Friday, July 19, 2019

Celebrating the Little Church Around the Corner: a New York Oldie But Goodie

Postcard view-- The Little Church Around the Corner
New York is a forward-looking city, but also one that dotes on relics of past glories. During a recent visit, I was shown a place I’d heard about, but wasn’t sure existed. Its history is tied up with that of the American theatre, but it also gave its nickname to at least one movie, a 1923 silent drama starring Claire Windsor. And it shows up for real in Woody Allen’s Hannah and Her Sisters, when Allen’s character, attempting to convert to Catholicism, attends a concert on the premises.

The official name for the Little Church Around the Corner is the Church of the Transfiguration. It’s an Episcopal parish church, built in 1849, that still enjoys a prime piece of real estate on East 29th Street, between Madison and Fifth Avenues. Long associated with liberal causes, it provided sanctuary to endangered African Americans during the Civil War Draft Riots of 1863. But its enduring nickname arose in 1870, when theatre professionals were considered morally suspect. After the death of an actor named George Holland, a fellow thespian, Joseph Jefferson, appealed to the rector of a nearby Manhattan church to conduct a funeral service for his deceased friend. The rector turned him down, but suggested, "I believe there is a little church around the corner where they do that sort of thing." From that day to this, the Little Church Around the Corner has had a warm relationship with the acting community.

This connection between the church and the Great White Way can be seen throughout the charming building. One stained-glass panel puts Jesus front and center, but also sneaks in, at bottom, a small image of Joseph Jefferson in his once-famous portrayal of Rip Van Winkle. There’s also an impressive stained glass image of Edwin Booth, once known as the Prince of Players for his many classic Shakespearean portrayals on the American stage. (The brother of, John Wilkes Booth, Edwin never quite lived down the stain on his family’s honor. Following his death in 1893 at Manhattan’s Players Club, his quarters still remain undisturbed.)
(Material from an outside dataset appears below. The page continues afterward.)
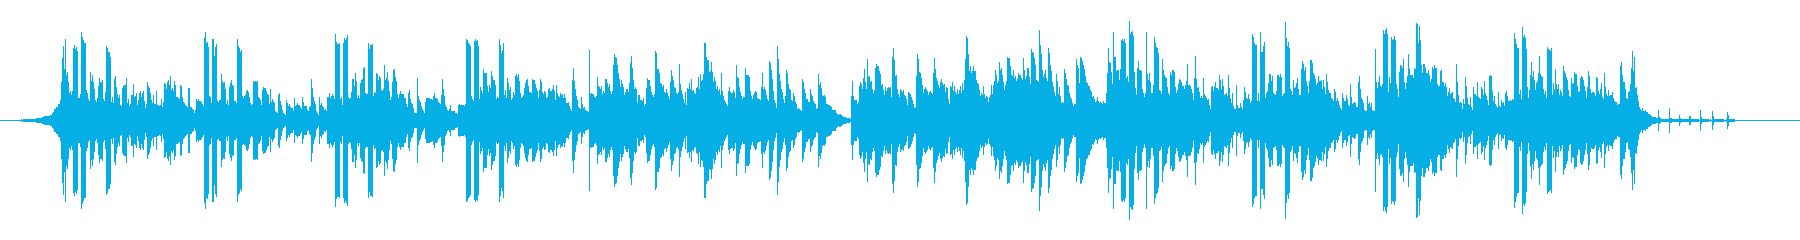 Pop,Electronicaの再生済みの波形
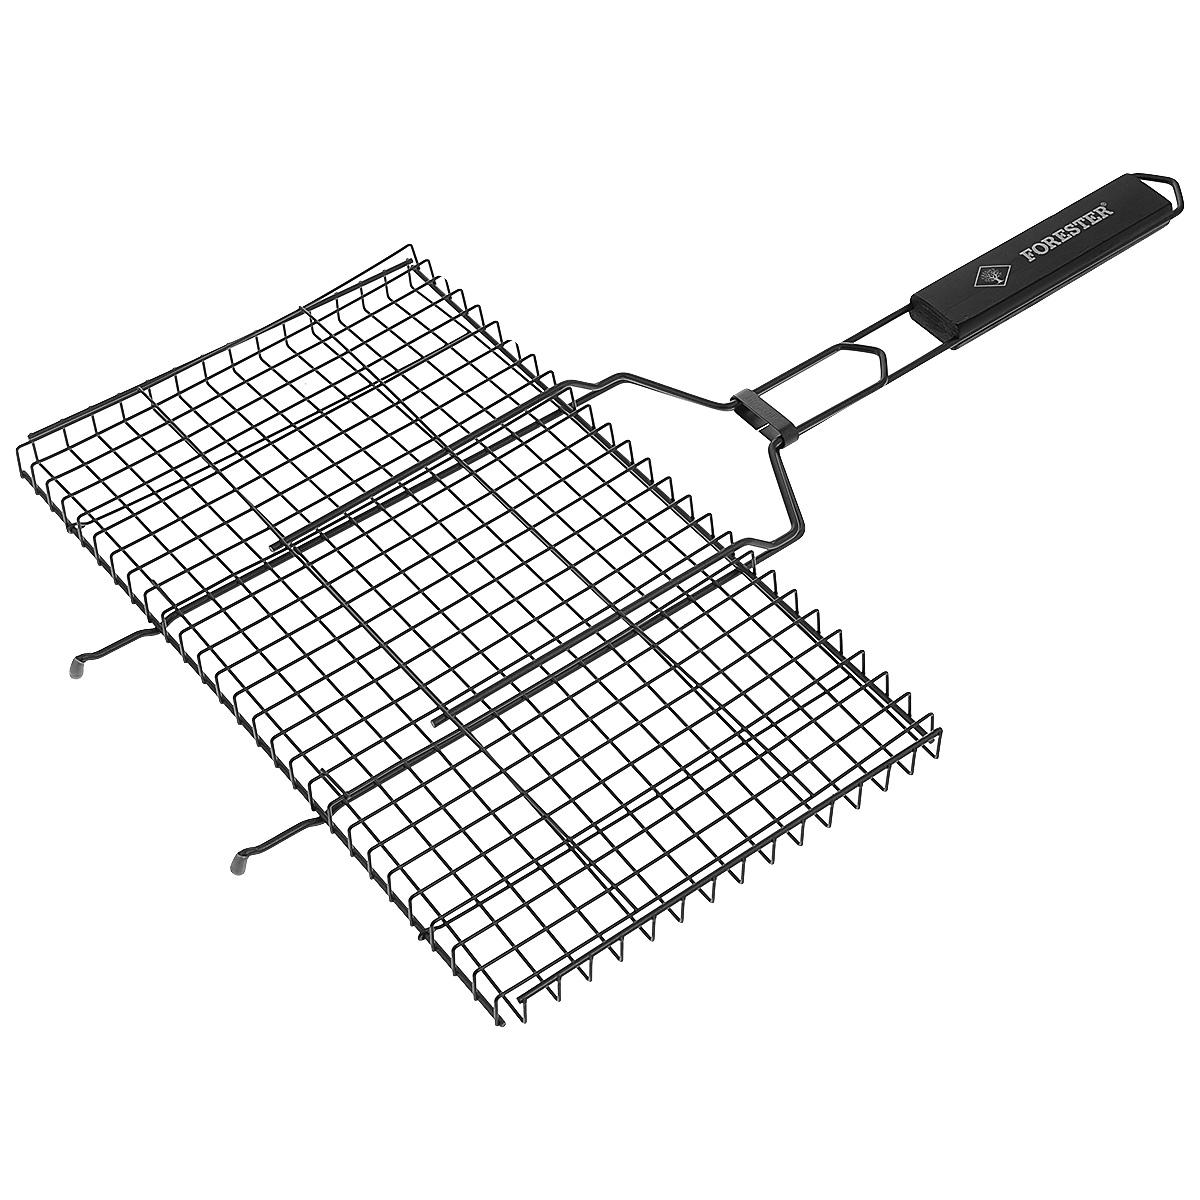 Решетка-гриль Forester, с антипригарным покрытием, цвет: черный, 45 см х 25 смNN-627-LS-RУниверсальная решетка-гриль Forester изготовлена из высококачественной стали с антипригарным покрытием. На решетке удобно размещать стейки, ребрышки, гамбургеры, сосиски, рыбу, овощи. Предназначена для приготовления пищи на углях. Блюда получаются сочными, ароматными, с аппетитной специфической корочкой. Рукоятка изделия оснащена деревянной вставкой и фиксирующей скобой, которая зажимает створки решетки. Размер рабочей поверхности решетки (без учета усиков): 45 см х 25 см.Общая длина решетки (с ручкой): 69 см.

Theatre folk memorialized with plaques in the church sanctuary include Minnie Maddern Fiske (1865-1932) and Cornelia Otis Skinner (1899-1979). The latter, daughter of matinee idol Otis Skinner, was a special favorite of mine. As a successful actress, biographer, and comic essayist, she did it all. Our Hearts Were Young and Gay, a memoir she co-wrote with journalist Emily Skinner about their youthful travels in Europe, became a best-seller, then inspired several films, two Broadway shows, and a short-lived TV series. Another honoree is actor Rex Harrison. Though I hardly associate this  hard-drinking Englishman with church attendance, he served as an officer of the Episcopal Actors’ Guild, and the Little Church Around the Corner was the site of his memorial service in 1990. His plaque bears an image of him, dancing up a storm, in his most famous role, that of Professor Henry Higgins in My Fair Lady.

Tribute to Edwin Booth

Finally let me mention comic writer P.G. Wodehouse, who as a young English novelist and lyricist made his home in New York’s Greenwich Village. He married his wife Ethel in the Little Church Around the Cormer in 1914, then went on to set many of his fictional weddings at the church. The finale of the hit Broadway musical Sally, which he wrote with Jerome Kern and Guy Bolton, contains a musical tribute to the "Dear little, dear little Church 'Round the Corner / Where so many lives have begun, / Where folks without money see nothing that's funny / In two living cheaper than one.”